索拉非尼 青蒿琥酯 肝细胞癌 氧化应激 细胞凋亡 程序性细胞死亡 脂质过氧化 癌症研究 谷胱甘肽 药理学 化学 医学 免疫学 生物化学 恶性疟原虫 疟疾
作者
Zhongjie Li,Hui-Qi Dai,Xiaowei Huang,Feng Ji,Jing-Huan Deng,Zixuan Wang,Xiaomei Yang,Yujia Liu,Yong Wu,Pan-hong Chen,Huan Shi,Jigang Wang,Jing Zhou,Guo‐Dong Lu
出处
期刊:Acta pharmacologica Sinica [Springer Nature]
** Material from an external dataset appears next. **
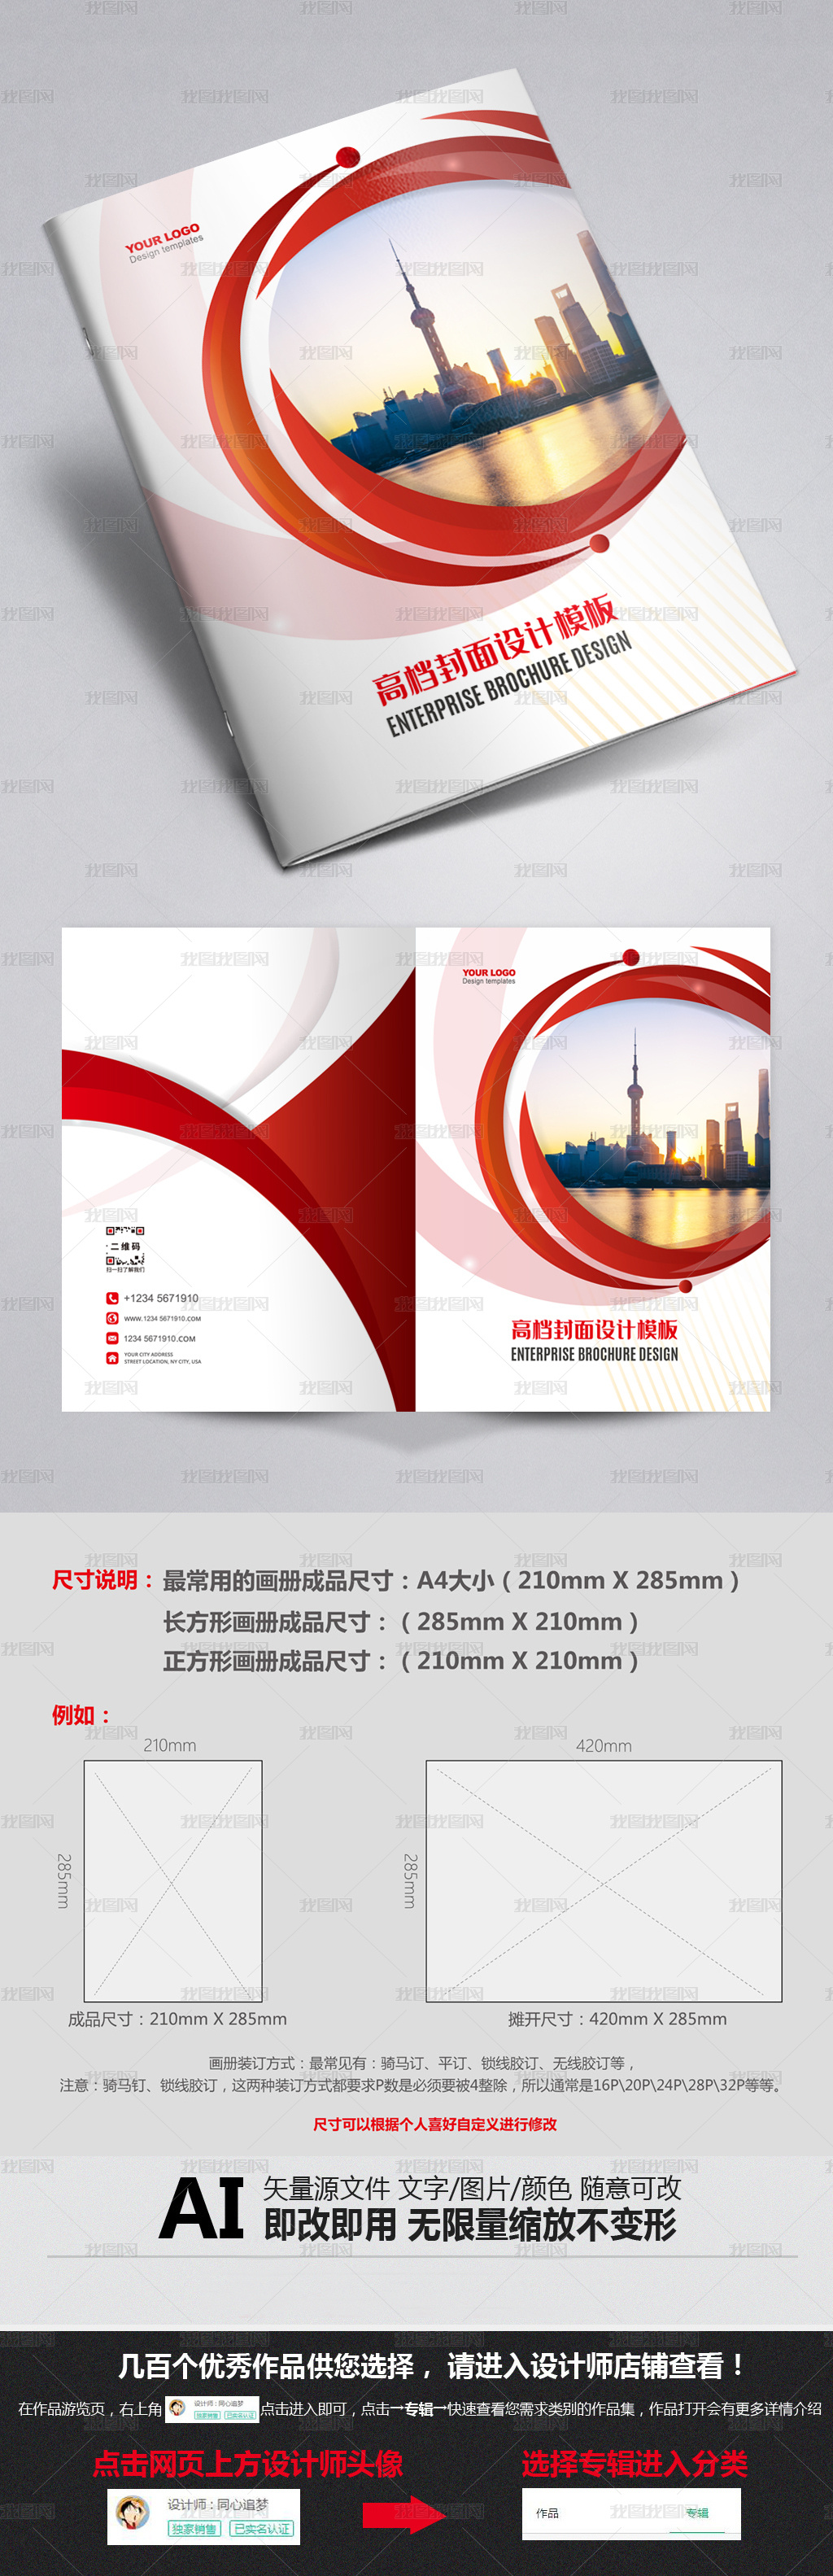 红色画册封面标书教材封面企业文化宣传册设计

卷期号:42 (2): 301-310 被引量:272
标识
DOI:10.1038/s41401-020-0478-3
摘要

Sorafenib is the first-line medication for advanced hepatocellular carcinoma (HCC), but it can only extend limited survival. It is imperative to find a combination strategy to increase sorafenib efficacy. Artesunate is such a preferred candidate, because artesunate is clinically well-tolerated and more importantly both drugs can induce ferroptosis through different mechanisms. In this study we investigated the combined effect of sorafenib and artesunate in inducing ferroptosis of HCC and elucidated the involved molecular mechanisms. We showed that artesunate greatly enhanced the anticancer effects of low dose of sorafenib against Huh7, SNU-449, and SNU-182 HCC cell lines in vitro and against Huh7 cell xenograft model in Balb/c nude mice. The combination index method confirmed that the combined effect of sorafenib and artesunate was synergistic. Compared with the treatment with artesunate or sorafenib alone, combined treatment induced significantly exacerbated lipid peroxidation and ferroptosis, which was blocked by N-acetyl cysteine and ferroptosis inhibitors liproxstatin-1 and deferoxamine mesylate, but not by inhibitors of other types of cell death (z-VAD, necrostatin-1 and belnacasan). In Huh7 cells, we demonstrated that the combined treatment induced oxidative stress and lysosome-mediated ferritinophagy, two essential aspects of ferroptosis. Sorafenib at low dose mainly caused oxidative stress through mitochondrial impairments and SLC7A11-invovled glutathione depletion. Artesunate-induced lysosome activation synergized with sorafenib-mediated pro-oxidative effects by promoting sequential reactions including lysosomal cathepsin B/L activation, ferritin degradation, lipid peroxidation, and consequent ferroptosis. Taken together, artesunate could be repurposed to sensitize sorafenib in HCC treatment. The combined treatment can be easily translated into clinical applications.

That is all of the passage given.